Tasm didn’t touch the wall, but an opening began to grow slightly larger than the others. The Petraw herded them inside. There must have been a dozen defenders around them now, along with Tasm holding the phaser.

Kirk looked up and kept on looking. They were at the bottom of a cylindrical well that rose very high into the rock, at least ten times higher than it was wide. In the very center, a long slender tube dangled down to a bulbous gold sack that nearly brushed the floor. It was shaped like a ripe pear, and swayed slightly as the air was disturbed by their entrance. Its rounded sides were shiny taut.

Looking up, Kirk saw that the surrounding walls, starting about ten meters above them, were dotted by hundreds of small protrusions. The curving wall was so dark that it took him a moment to see they were moving.

They were Petraw. At least, each one was the head, arms, and chest of a Petraw. Kirk shifted so he could see the lowest one better, and gulped. Where its legs had once been was a swollen mass that stretched wide, bulbously attaching to the lumpy, moist wall.

“What is this?” he asked incredulously.

“This is the birthing chamber,” Tasm said reverently.

“Joining the birthing chamber is our highest honor,” Luz snapped.

“She doesn’t deserve it!”

Tasm glared at Luz, but saved her words for those who mattered. “Beloved matriarchs, we have brought you Luz and the invader.”

Kirk didn’t think it was a good idea to be considered a nameless antagonist. “Matriarchs!
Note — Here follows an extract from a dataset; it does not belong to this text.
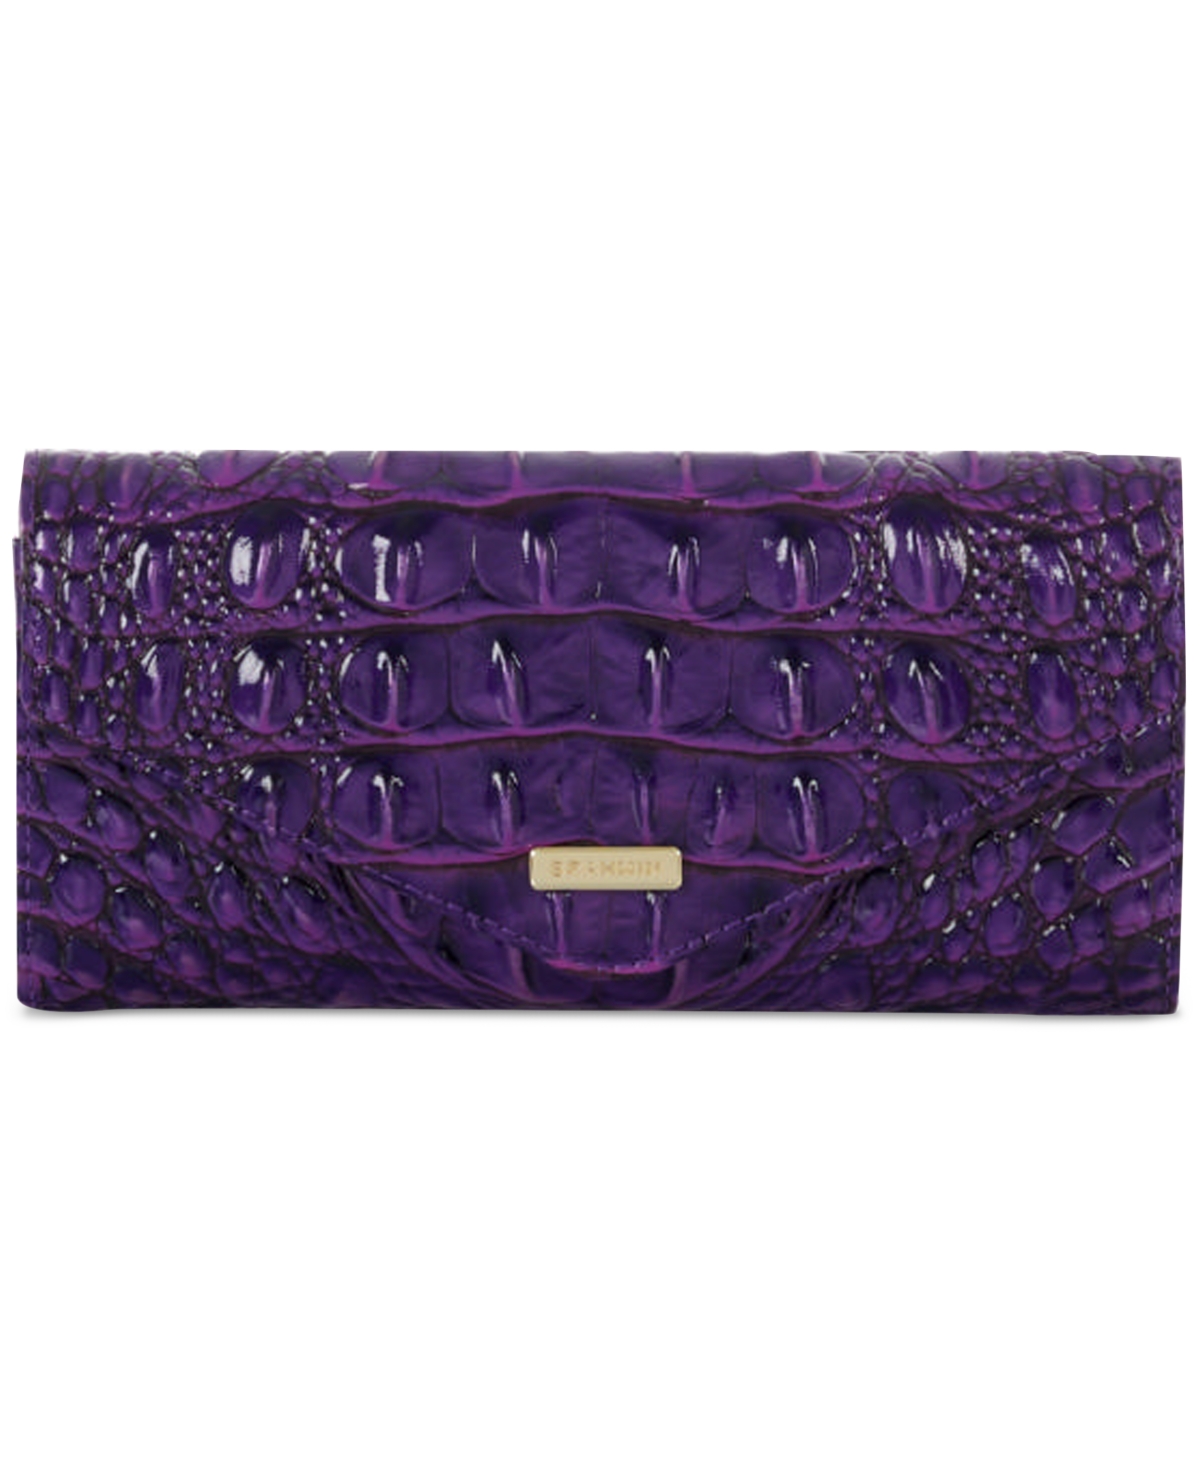 Brahmin Veronica Melbourne Embossed Leather Wallet In Royal Purple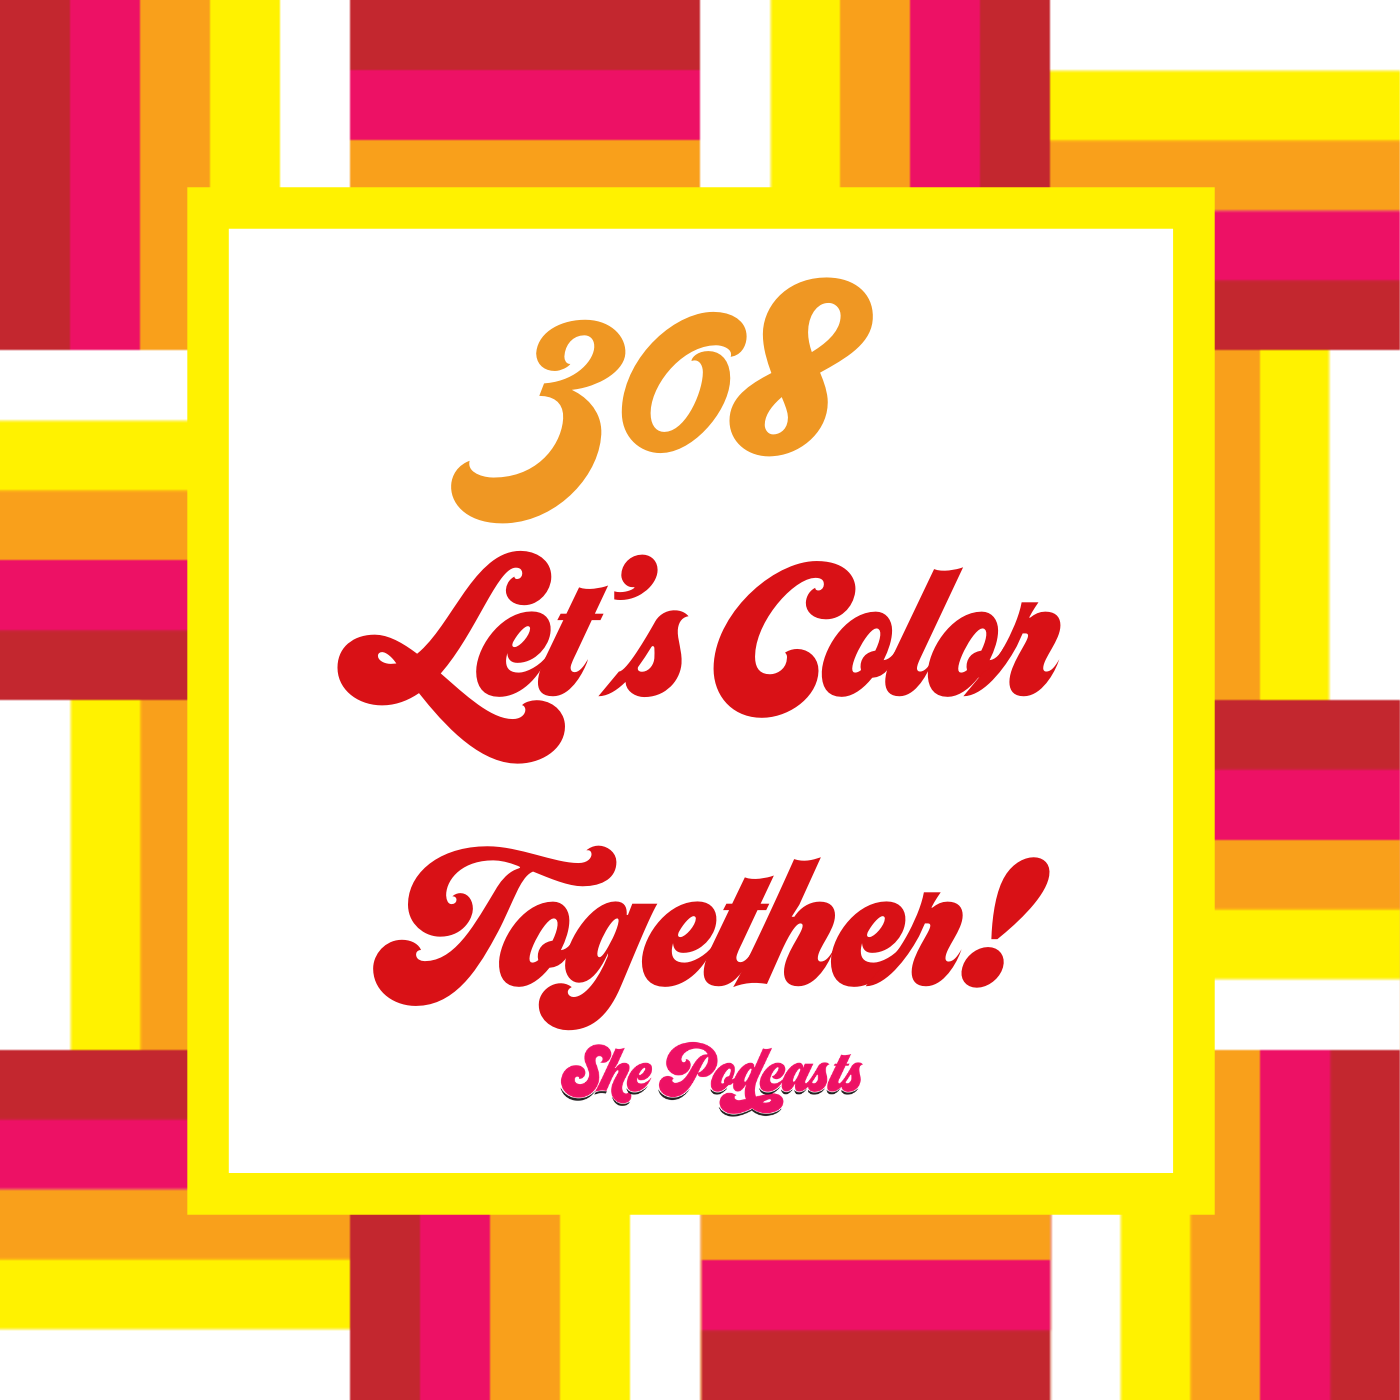 308 Lets Color Together

I am James T. Kirk and I come in p”

One of the Petraw defenders belted him in the stomach. That dropped him to his knees, and they withdrew to a watchful two paces.

Kirk coughed and choked, trying to catch his breath. Luz landed next to him, on her knees, looking up the well of matriarchs. Heads turned on the wall, and arms gestured in various attitudes of distress or condemnation.